TEMPO.CO, Jakarta - Polisi Israel mengalami kesulitan besar dalam mencari dan menemukan pemukim Israel yang menjadi korban pemerkosaan atau saksi dari tindakan yang diduga dilakukan oleh gerakan Perlawanan Hamas selama Operasi Banjir Al Aqsa 7 Oktober.
Menurut surat kabar Israel Haaretz, Kamis, 4 Januari 2024, salah satu penyebar utama klaim bahwa pejuang Perlawanan Palestina melakukan pelecehan seksual terhadap wanita Israel pada 7 Oktober, polisi tidak dapat menemukan korban atau saksi apa pun dari segala bentuk kekerasan seksual.
Meskipun pihak Israel sendiri secara praktis mengakui bahwa klaim mereka tidak berdasar.
“Bahkan dalam beberapa kasus di mana [polisi] mengumpulkan kesaksian tentang pelanggaran seksual yang dilakukan pada tanggal 7 Oktober, mereka gagal menghubungkan tindakan tersebut dengan korban yang dirugikan oleh tindakan tersebut,” kata Haaretz.
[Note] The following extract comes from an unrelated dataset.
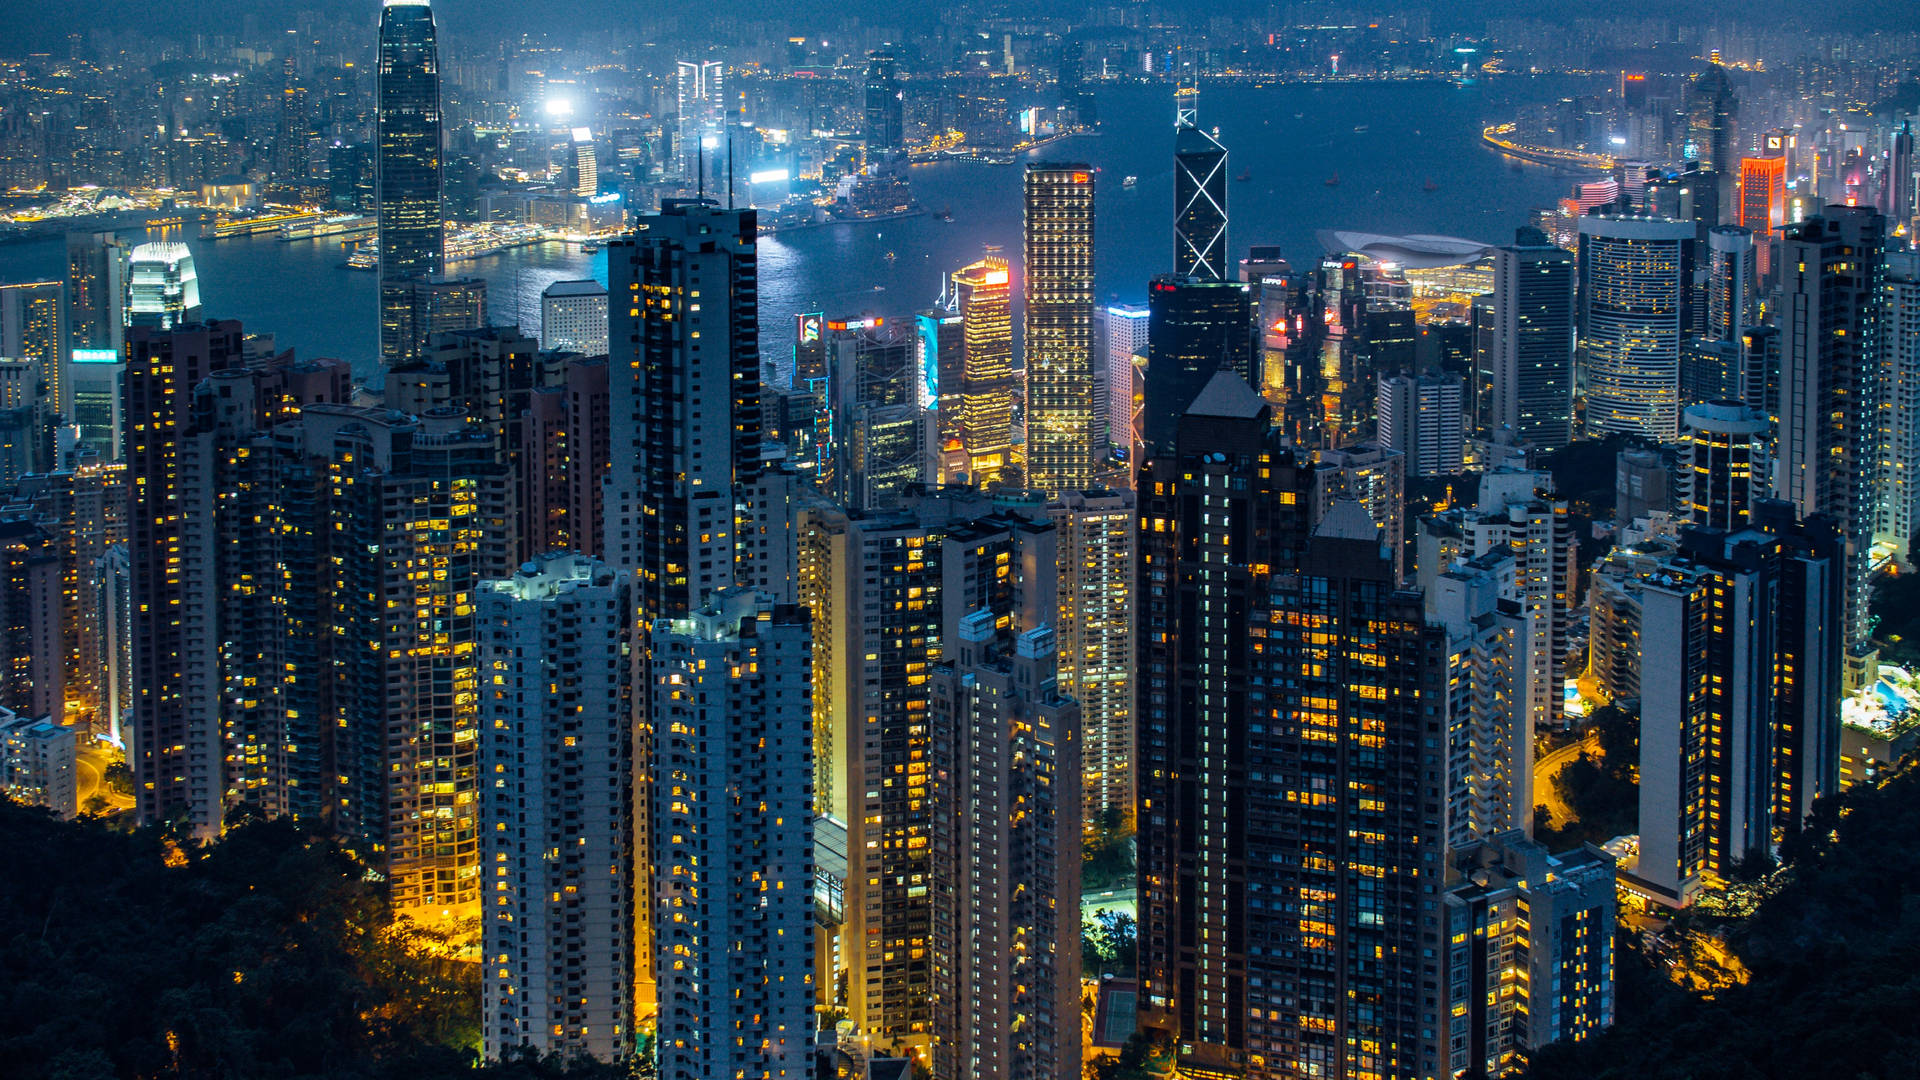 Download 4k Ultra Hd City Of Hong Kong Skyline Wallpaper

Karena putus asa setelah tidak ditemukannya kasus kekerasan seksual dan karena pendudukan Israel berusaha untuk tidak menampilkan diri mereka dalam sorotan yang buruk dan mengabaikan tuduhan mereka bahwa Perlawanan memperkosa pemukim Israel, polisi menyerukan kepada masyarakat tampil dan memberikan "kesaksian" tentang masalah ini.
Saat wawancara dengan Christiane Amanpour dari CNN, Josh Paul, yang menjabat sebagai direktur kongres dan urusan masyarakat untuk Biro Urusan Politik-Militer Departemen Luar Negeri selama lebih dari 11 tahun, mengenang sebuah insiden ketika dia sebelumnya menjadi bagian dari pemeriksaan hak asasi manusia untuk proses pengiriman senjata ke Israel.
Paul merinci bagaimana sebuah badan amal bernama Defense of Children International Palestine menarik perhatian Departemen Luar Negeri atas “tuduhan yang dapat dipercaya” mengenai seorang anak Palestina berusia 13 tahun yang diperkosa di pusat penahanan al-Mascobiyya di al-Quds.
Mantan pejabat AS itu menekankan pentingnya mengutuk kekejaman yang terjadi “setiap hari terhadap warga Palestina di Tepi Barat.”
Setelah menyampaikan tuduhan tersebut kepada rezim Israel, Paul mengenang bahwa keesokan harinya Israel “menyingkirkan komputer mereka dan menyatakannya sebagai entitas teroris.”